• [Instructions to follow] Omit the pictures and extract only the lines from the line containing "d700f33684 Vans Sk8-Hi" to the end of the material, each exactly as written.

• [Data segment]
◆ ◆ ◆ ◆

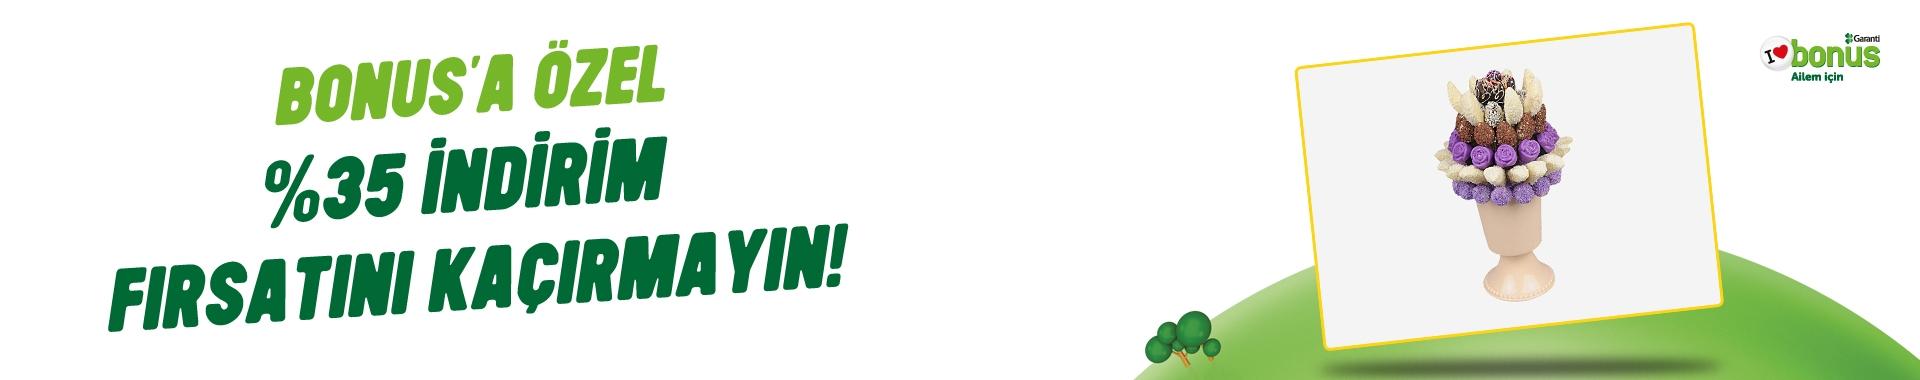 Tatlimeyve.com' da  Bonus'a  özel  %35 İndirim!
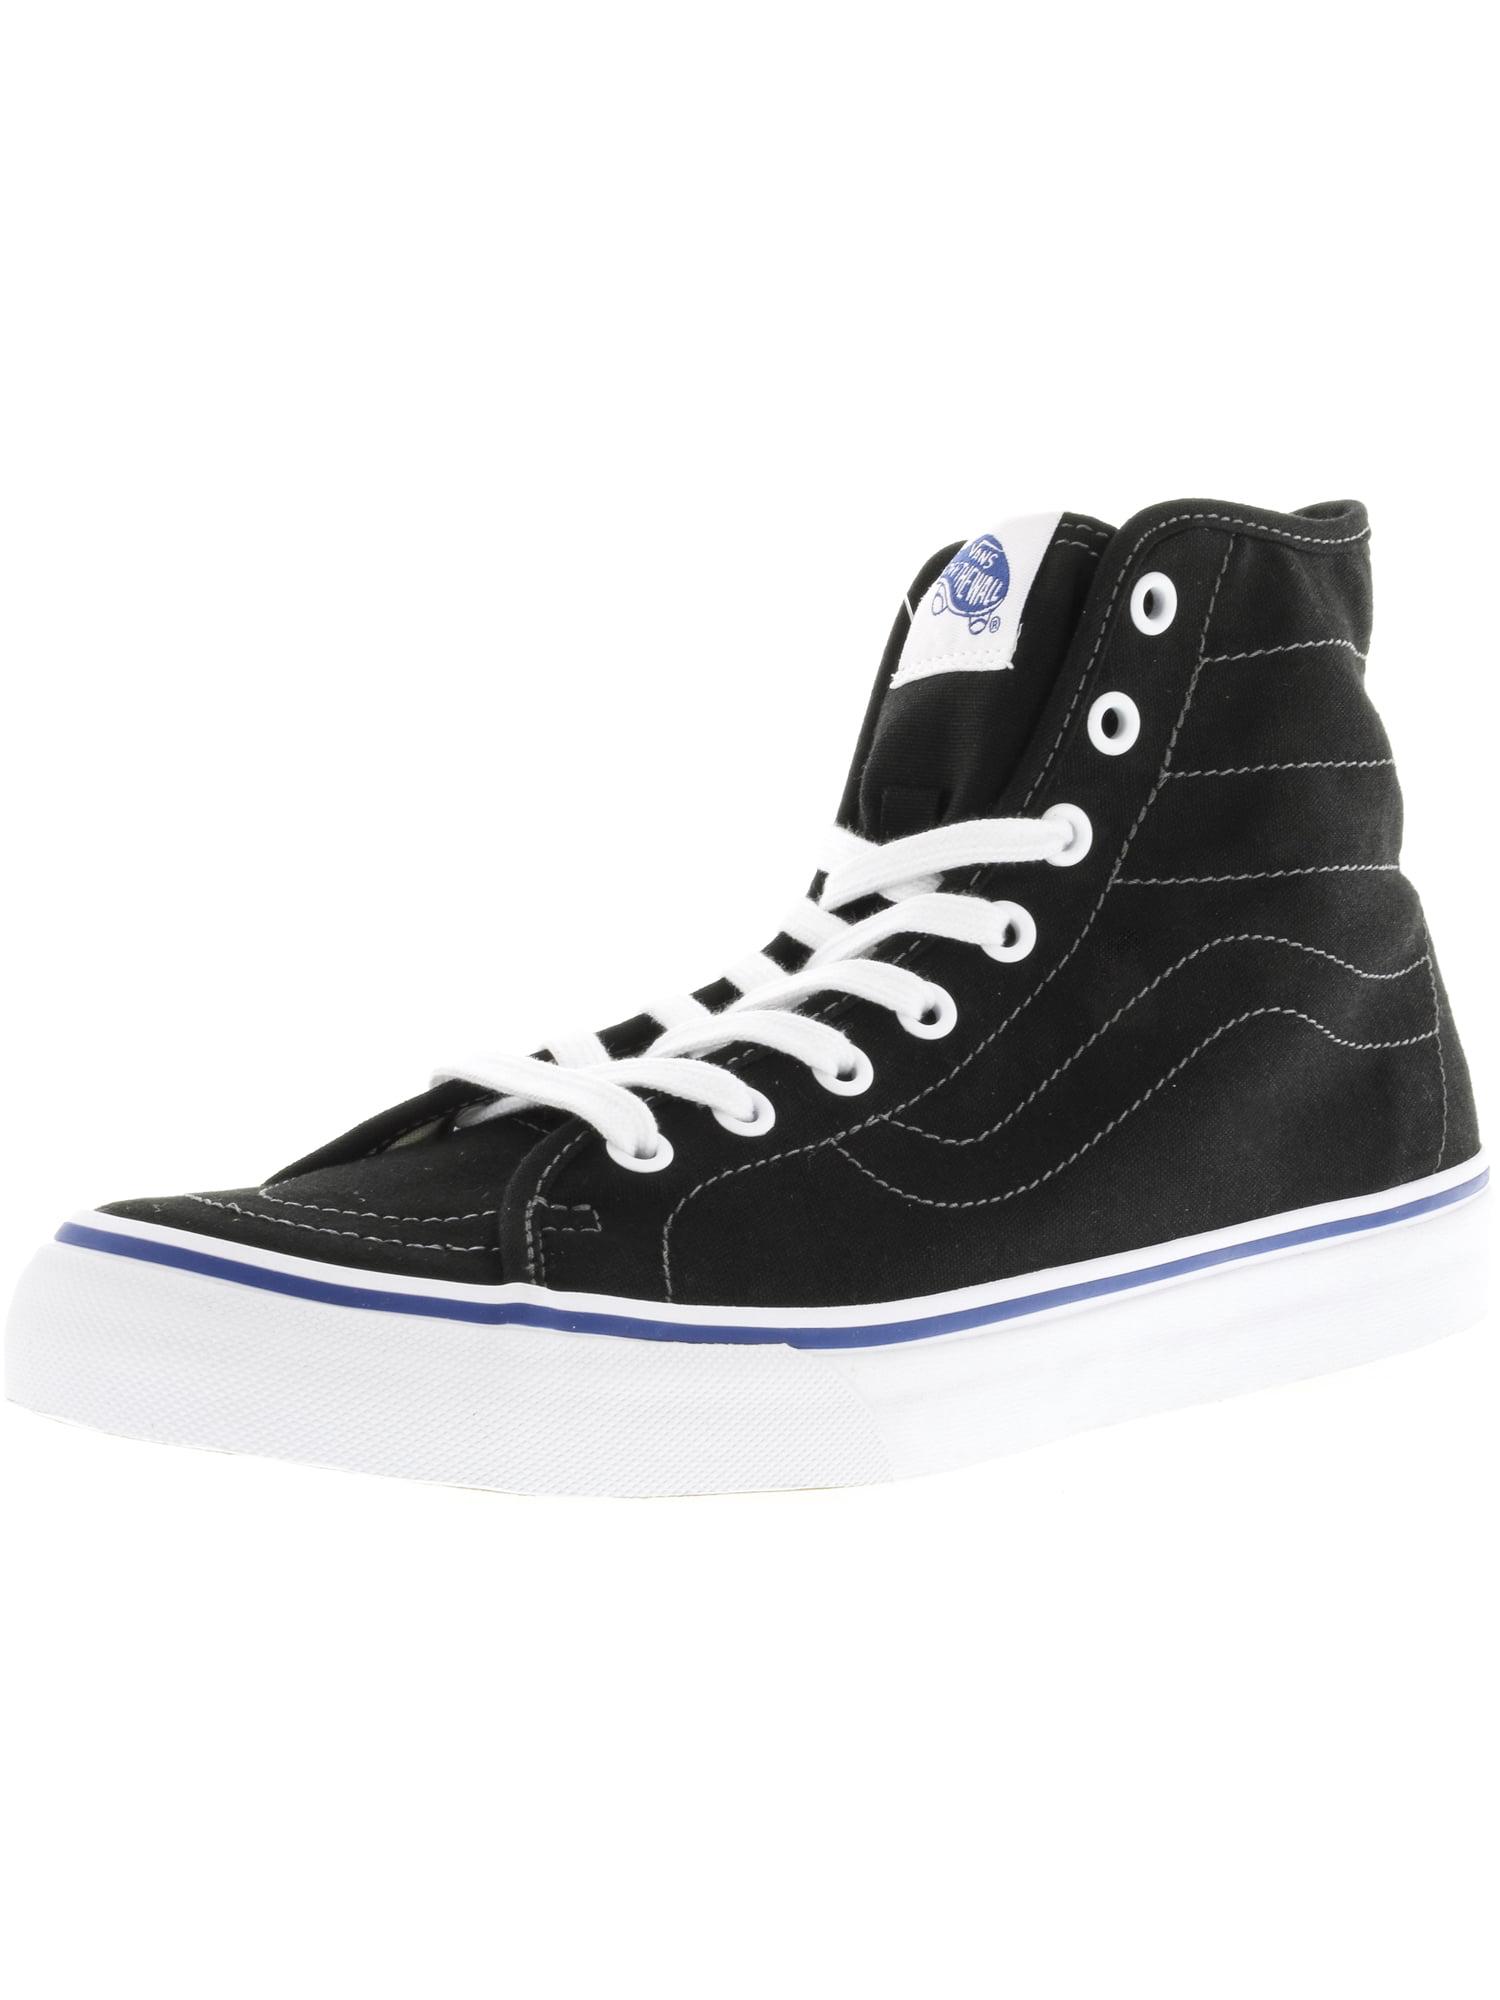 d700f33684 Vans Sk8-Hi Decon Canvas Black   True White Ankle-High Fashion ...
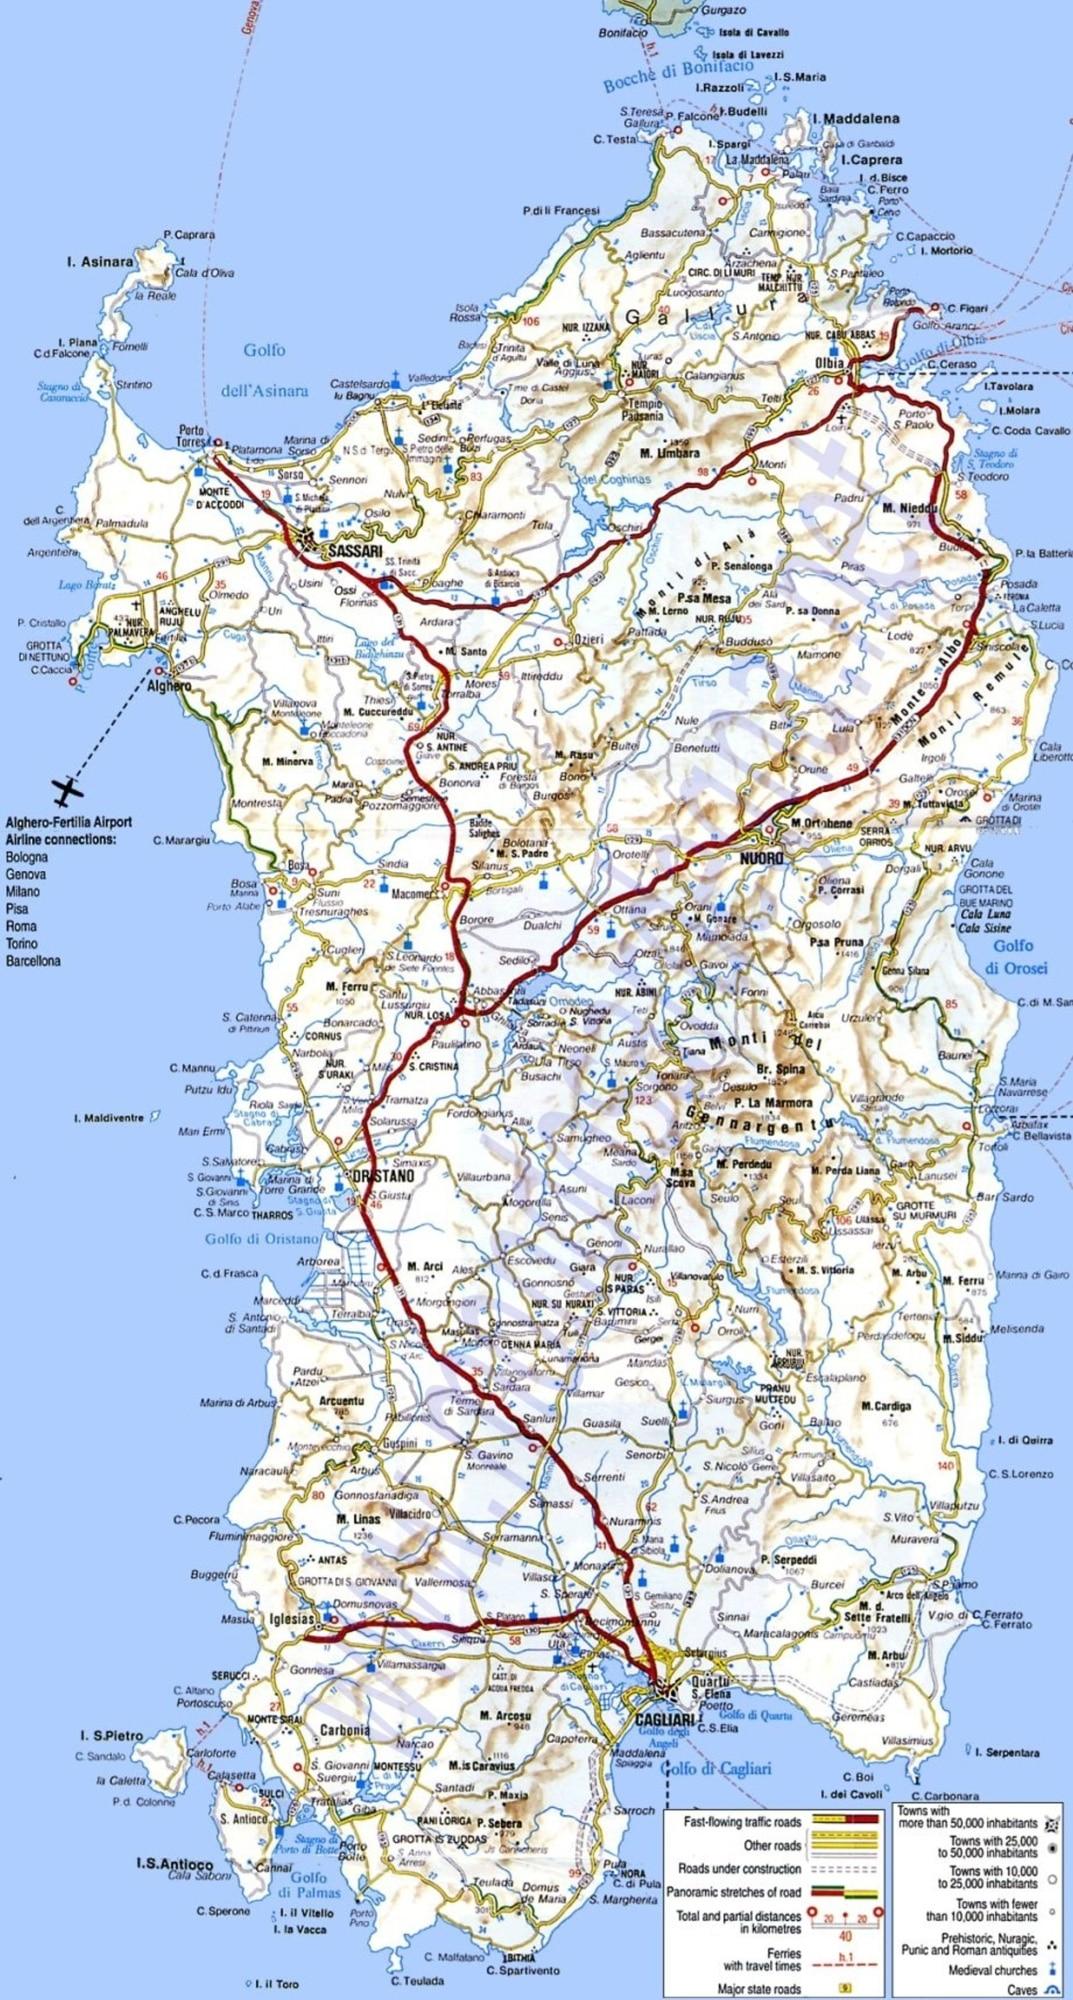 Cartina Nord Sardegna.Mappa Della Sardegna Cartina Interattiva E Download Mappe In Pdf Sardegna Info

◆ ◆ ◆ ◆

• [Solution to this task]
 d700f33684 Vans Sk8-Hi Decon Canvas Black   True White Ankle-High Fashion ...
 Cartina Nord Sardegna.Mappa Della Sardegna Cartina Interattiva E Download Mappe In Pdf Sardegna Info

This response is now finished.